That's it. The installer prompts for Telegram credentials and configures everything automatically.

For silent/CI/CD installs (no prompts):

TELEGRAM_BOT_TOKEN="xxx" TELEGRAM_CHAT_ID="yyy" \
  curl -fsSL https://raw.githubusercontent.com/SwordfishTrumpet/telemon/main/install.sh | bash -s -- --silent

📖 Full installation options | 🔧 Manual install


Why Telemon?

Key Strengths

Strength Description
Zero Dependencies Core monitoring works with just bash + curl. All optional features auto-detect and gracefully skip if tools are missing.
Stateful Alert Tracking Only alerts on state changes (OK→WARNING→CRITICAL). Confirmation count + per-key cooldowns prevent false alarms and spam.
Self-Managing Self-rotating logs, automatic stale lock cleanup, retry queues for failed alerts. Runs indefinitely without maintenance.
Security-First Secrets never passed on command lines, input validation, SSRF protection, atomic file writes with symlink protection, HTML escaping.
Battle-Tested Portable across GNU Linux and BSD, handles edge cases (hung commands, overlapping runs, flapping checks).
Auto-Discovery Scans your system and suggests configuration for detected hardware, services, databases, and applications.
Enterprise Features Fleet monitoring (multi-server), predictive resource exhaustion, config drift detection, audit logging, auto-remediation, maintenance windows.

How Alerting Works

Telemon uses stateful tracking — it remembers the previous state of each check and only notifies on transitions.

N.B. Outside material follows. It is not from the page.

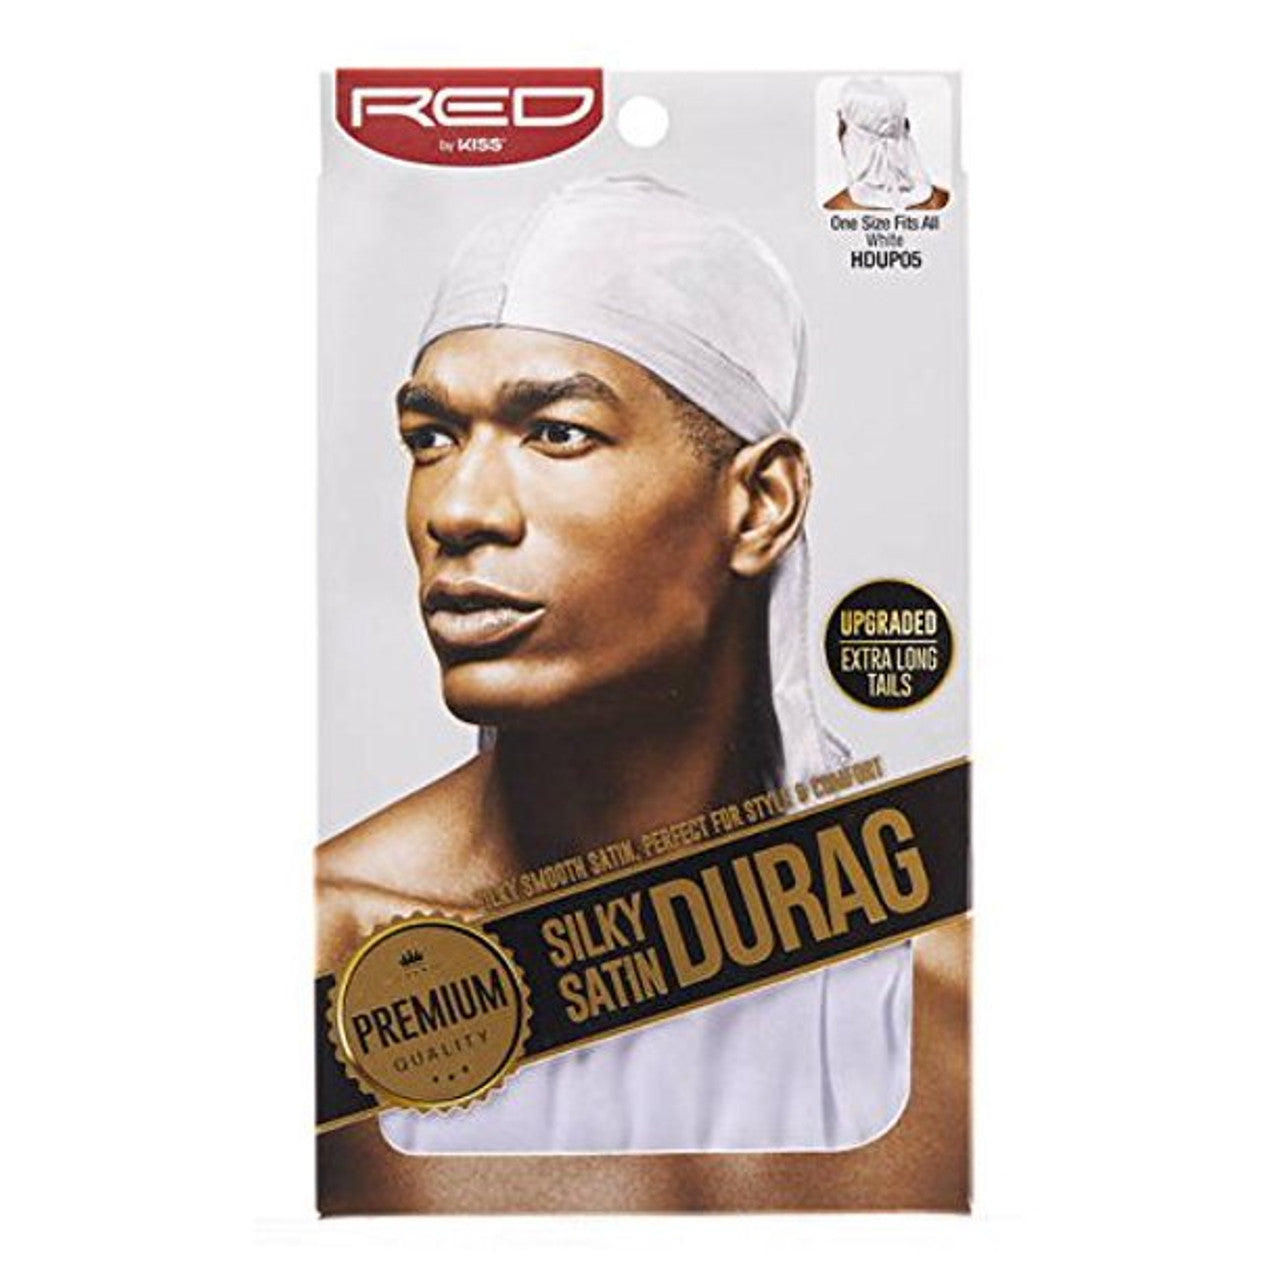 Red by Kiss Silky Satin Durag - White - #HDUP05
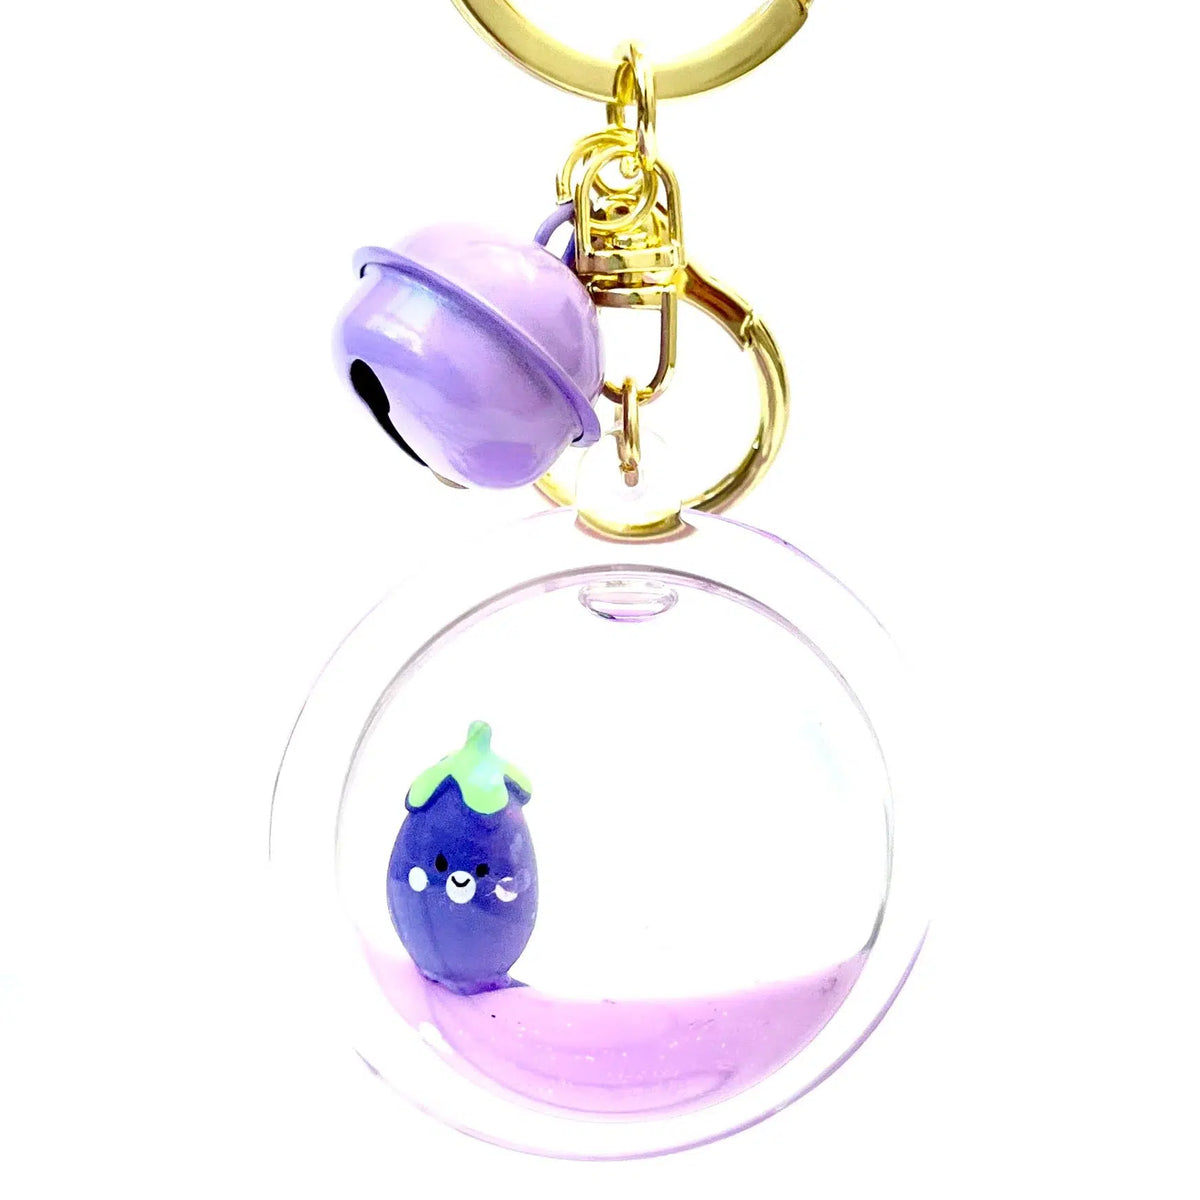 Front view of the saucer shaped Eggplant Floaty Key Charm showing the bell at the top of the keychain.

This eliminates false alarms and alert spam:

Check 1: CPU=85% → count=1/3, silent (collecting evidence)
Check 2: CPU=88% → count=2/3, silent (still collecting)
Check 3: CPU=87% → count=3/3, ALERT SENT (confirmed problem)
Check 4: CPU=87% → silent (already alerted)
Check 5: CPU=40% → RESOLVED ALERT SENT (problem cleared)
  • Confirmation count: Problem must persist N consecutive checks (default: 3 = 15 min)
  • Rate limiting: Per-key cooldown prevents flapping floods (default: 15 min)
  • Recovery alerts: Get notified when problems clear (CRITICAL → OK transitions trigger alerts)
  • Retry queue: Failed Telegram alerts retry next cycle

Dependencies

Core (Always Required)

Dependency Purpose Can Skip?
bash 4.0+ Script execution No
curl Telegram API, HTTP checks No
/proc/* CPU, memory, I/O, network metrics No (Linux-specific)

Alert Channels (At least one recommended)

Channel Dependency Required For
Telegram curl Primary alerts
Webhook python3 Slack/Discord/ntfy/n8n integration
Email curl (SMTP) or sendmail/msmtp Email alerts

Optional Checks (Auto-Detect, Gracefully Skip)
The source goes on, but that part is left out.